To be sure, musical notation is indeed a reductive system that inevitably shapes and limits what it attempts to describe.
But it still provides the most powerful means yet developed for turning the musical work into something preservable, transferable, and analysable. It connects us to well over a millennium’s worth of historical music practice. Above all, it allows us to render music into object of heightened critical contemplation.
Just as the printed word not only made it possible not just to preserve, but also deconstruct and reflect upon the various ways we construct words to help give meaning to our world, musical notation gave us a similar capacity to reflect deeply on how music does the same.
Rather than being a utopian moment of artistic (and thus political) freedom, an emerging loss of confidence in notated musical culture might in fact foretell its very opposite: a loss of a particular type of imaginative, historical, and political capacity in our society.
As early as 1938, in the provocatively titled essay “On the Fetish-Character in Music and the Regression of Listening”, the German philosopher and social critic Theodor Adorno suggested what such a loss might mean in practice. The real dichotomy faced by Western musical culture, he thought, was not between “light” and “serious” music but rather “between music that was market-oriented and music that was not”.
A significant question the music critic must ask, then, is: to what extent is the music offering any resistance to its appropriation as a tool in social and economic domination?
Adorno was deeply distrusting of what he thought was the pseudo folk-culture around popular music. In his analysis, this ethos concealed a commercial imperative that was premised on manipulation and imposition of the populace from above.
So the role of tertiary music institutions in preserving the forms and critical tools of musical culture is crucial. As musicologist Ian Pace wrote recently:
(Tertiary music education should) provide arenas where it is possible to carry out intellectual and creative (and other) work, involving genuinely independent critical and self-critical thinking, in which few things are taken as read, everything is rigorously questioned on a regular basis, with a fair degree of autonomy from commercial or other external function.
What might a world without a critical music culture look and sound like?

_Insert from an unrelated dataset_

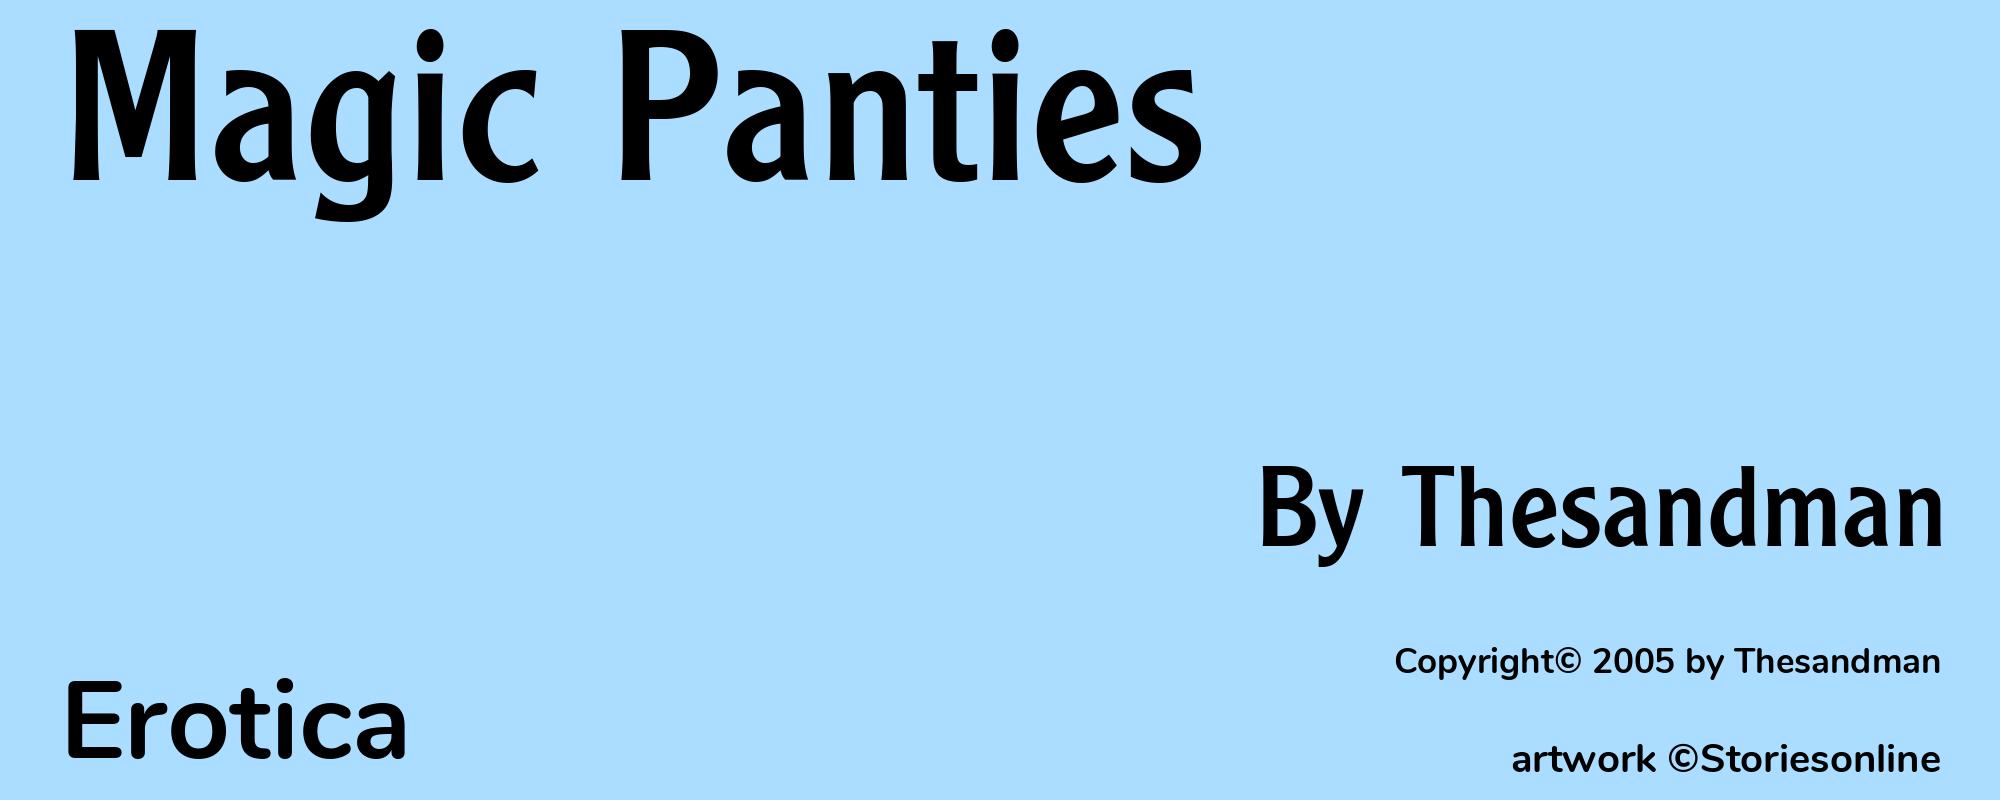 Magic Panties - Cover

Some commentators suggest we already know.
For cultural historian Ted Gioia, music criticism is becoming mere “lifestyle reporting”. Or as music critic Jessica Duchen suggests, pop music itself is becoming “watered-down tat with scant musical content, using only a few basic chords.”

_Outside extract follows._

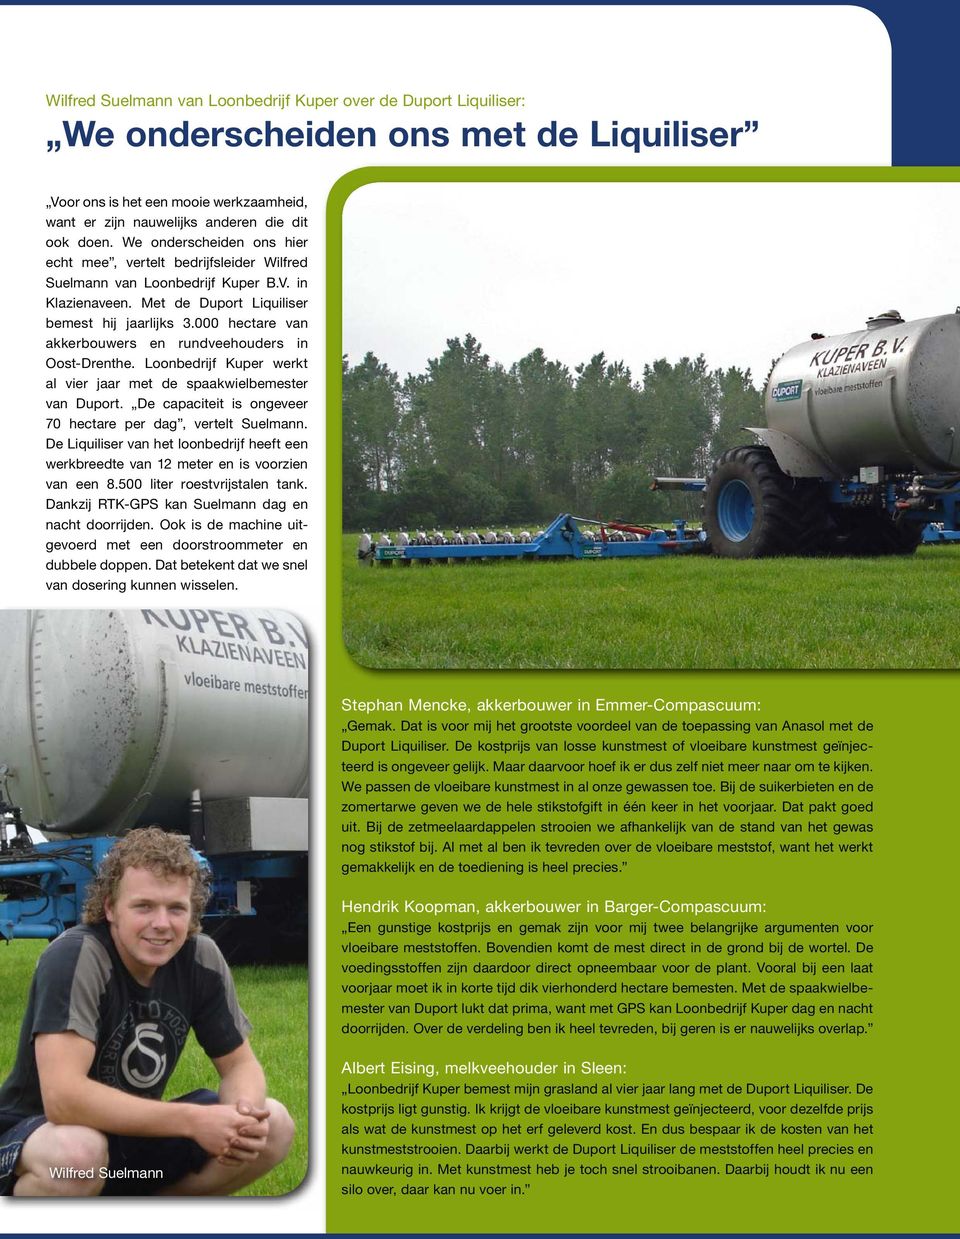 000 hectare van akkerbouwers en rundveehouders in Oost-Drenthe. Loonbedrijf Kuper werkt al vier jaar met de spaakwielbemester van Duport.

A good example might be found in Sam Smith’s Writing’s on the Wall (2015), the theme song for the latest Bond film. Heightened music production values cannot rescue incoherent lyrics and an unimaginative melodic and rhythmic design. It should flop, but it hasn’t.
We should be asking ourselves why this is the case.
Surely our capacity to make such evaluative judgements depends in part on an educated musical populace. Music notation is a key tool in being able to turn mere opinion into forensic judgement.
Might an emerging lack of confidence in the educational centrality of music notation really be just another manifestation of the cultural logic of late capitalism?
Whatever we think, maybe educational debates like these should occasionally be couched at such a level. Questions like these, after all, are what higher education in the arts should be about. Questions about what it means to be rational agents in civil society, and what kinds of investments – educational and economic – we need to make to sustain such a society.
Oh, and just for the record, Lennon and McCartney may not have read music. But you can be quite sure that pretty much everyone else involved in the transfer of their musical ideas into monuments of world culture did.